KOREA!
It's like I never left. I can't believe it's been a year -- more than a year, as my Great Aunt tells me (she remembers to the day when I left last year: Aug. 17) -- since I've been here.
I got home late on Monday night, spent Tuesday lounging around in pajamas with grandmother during the day and then around some relatives at night, and have been loving it all: the gorging on homemade Korean food, the cheerfulness -- both wordless and chatty -- of my relatives, the fierce hug from my great aunt when she finally got home from the patch of country her family owns and on which they plant potatoes and peppers and garlic and sesame every year, the shifting back into Korean language, the memories of all the things I found annoying and endearing about this country. The motherland.
As much as any place can be, this is home.
I spent most of today at the hospital, getting routine checkups at the eye doctor and getting my fix of Accutane from the dermatologist, who suggested I try something less drastic since my skin looked all right. I must have looked pretty desperate, because she gave me the Accutane prescription anyway, with the gentle suggestion again that I try something less on the order of nuclear blast and more on the order of controlled rounds of fire the next time. In the middle somewhere, I also had lunch with my grandmother, who goes to the hospital most days to escape the heat and to do her rehab exercises (she had back surgery last year).

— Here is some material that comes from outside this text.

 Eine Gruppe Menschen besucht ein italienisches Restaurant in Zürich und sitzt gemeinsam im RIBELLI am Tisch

My dad didn't go with me to these appointments, so I relied on my grandmother a bit and the nice folks at the International Clinic, who remembered me from last year. It's funny, but I wasn't as nervous as I would have been last year, going by myself to see the doctors and stuff. One might argue that I shouldn't have ever been nervous, since the doctors all know a fair bit of English, especially at this huge hospital, but I would be anxious last year, and I wasn't too much so today. I'm less afraid of saying I don't understand. And I'm less afraid in general, I think. Perhaps this nerve-wracking year at school? Perhaps this nerve-wracking summer with Destroyer Supe? Or perhaps the lessons of those two years in Korea needed some time to mellow and mature, and are just now coming to fore?
The nice ladies at the International Clinic gasped when they saw me, and said: "You were like a baby last year, and now you look so mature!" I guess I have aged a bit this last year, then. Hee.

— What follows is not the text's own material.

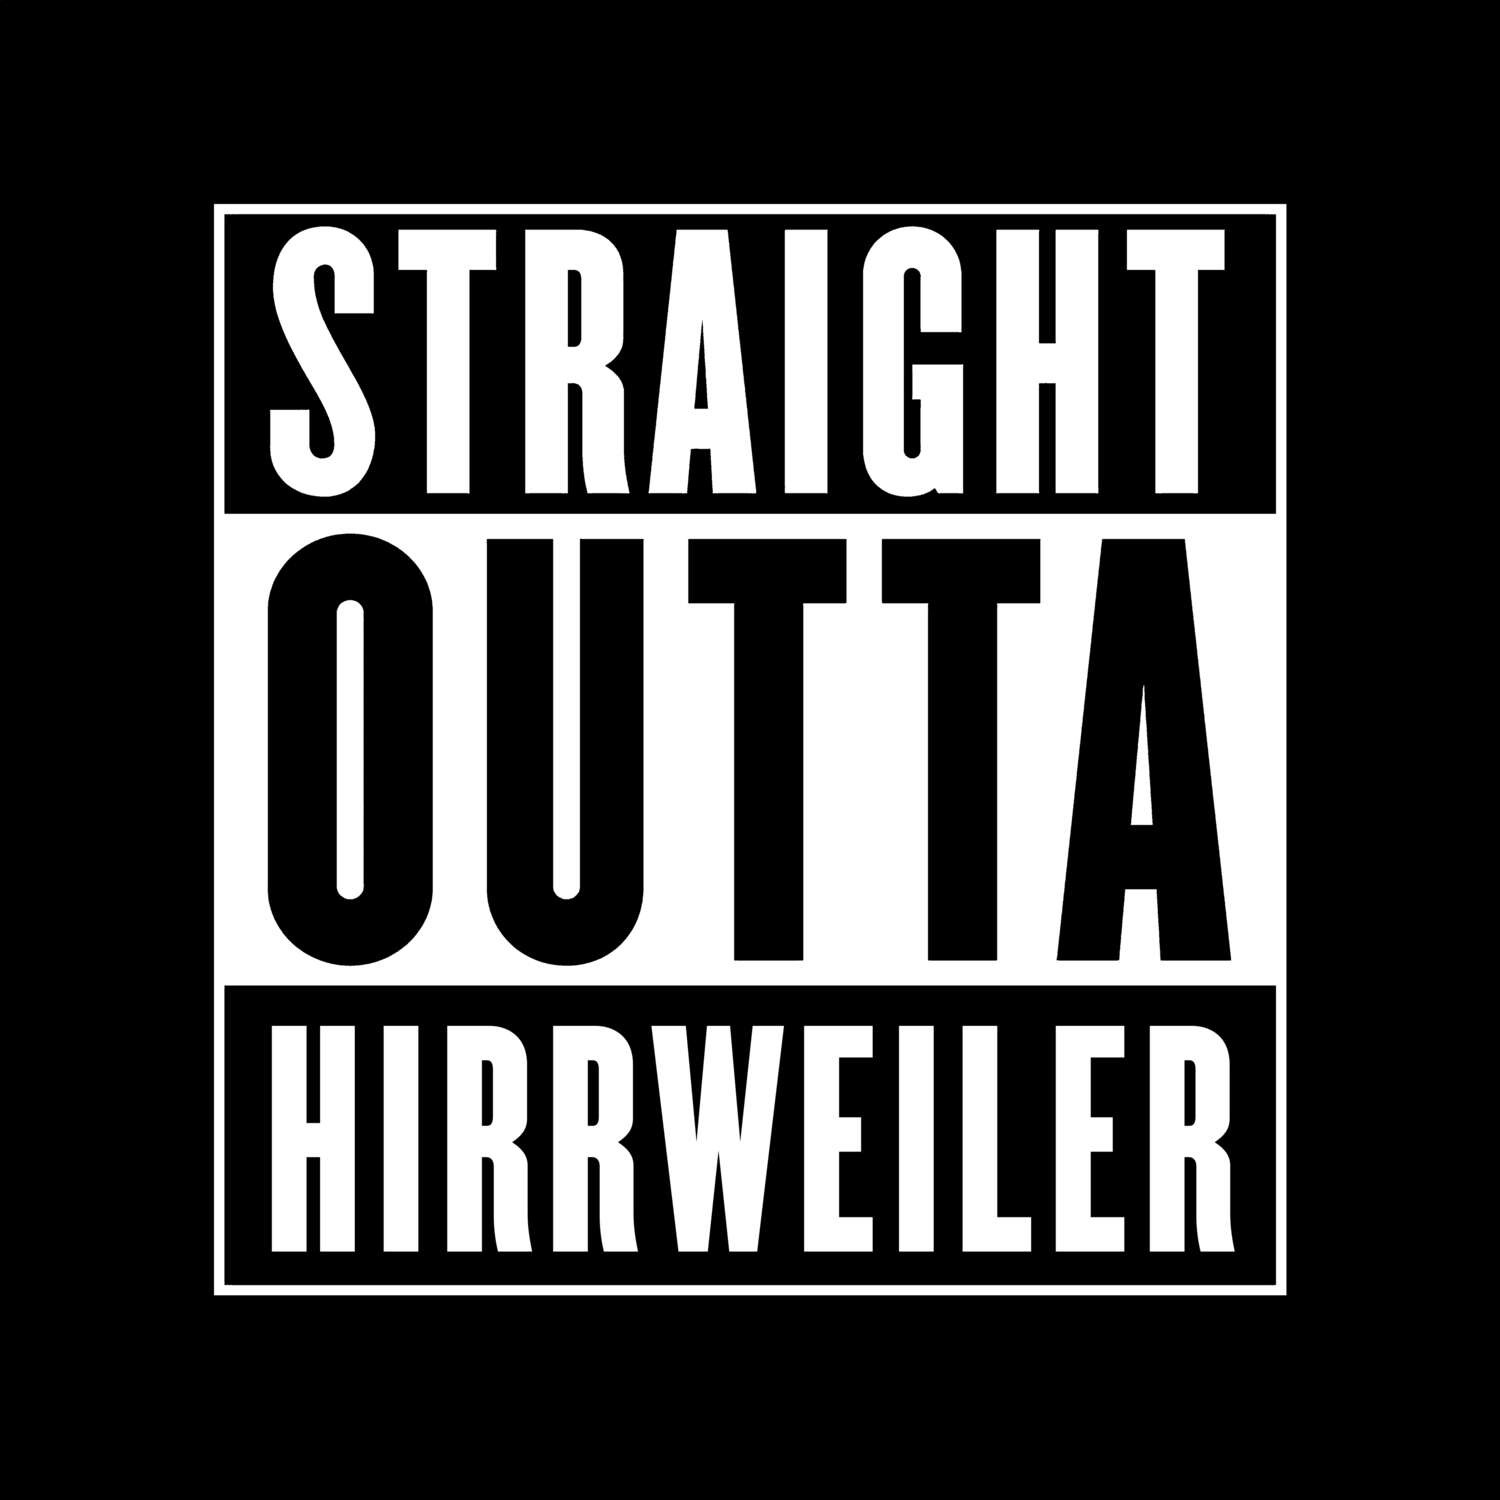 Hirrweiler T-Shirt »Straight Outta«

I was pretty pooped during the middle of the afternoon, as jet lag hit me, but I did have a dinner date with someone from my old office, so I went to meet her and was very glad I did. She reminds me of Charm -- both are so resilient in the face of adversity, and I so admire them for it, even as I pray for them, in my nondenominational, non-Christian way.
Tomorrow, I meet one friend for lunch, and then KB for dinner. Yes, KB! For whom I had that bout of swoon-dom last year. It'll be interesting to see him again.
Oooo, and I impulse-bought a pair of shoes already: green sandal-y things. For $6.81. I love this country.
It's raining like the dickens outside. It was very nice all yesterday, and I spent almost all of it inside. And today, it pours, and I had to be outside. But it's better than the heart-stopping heat of Tokyo.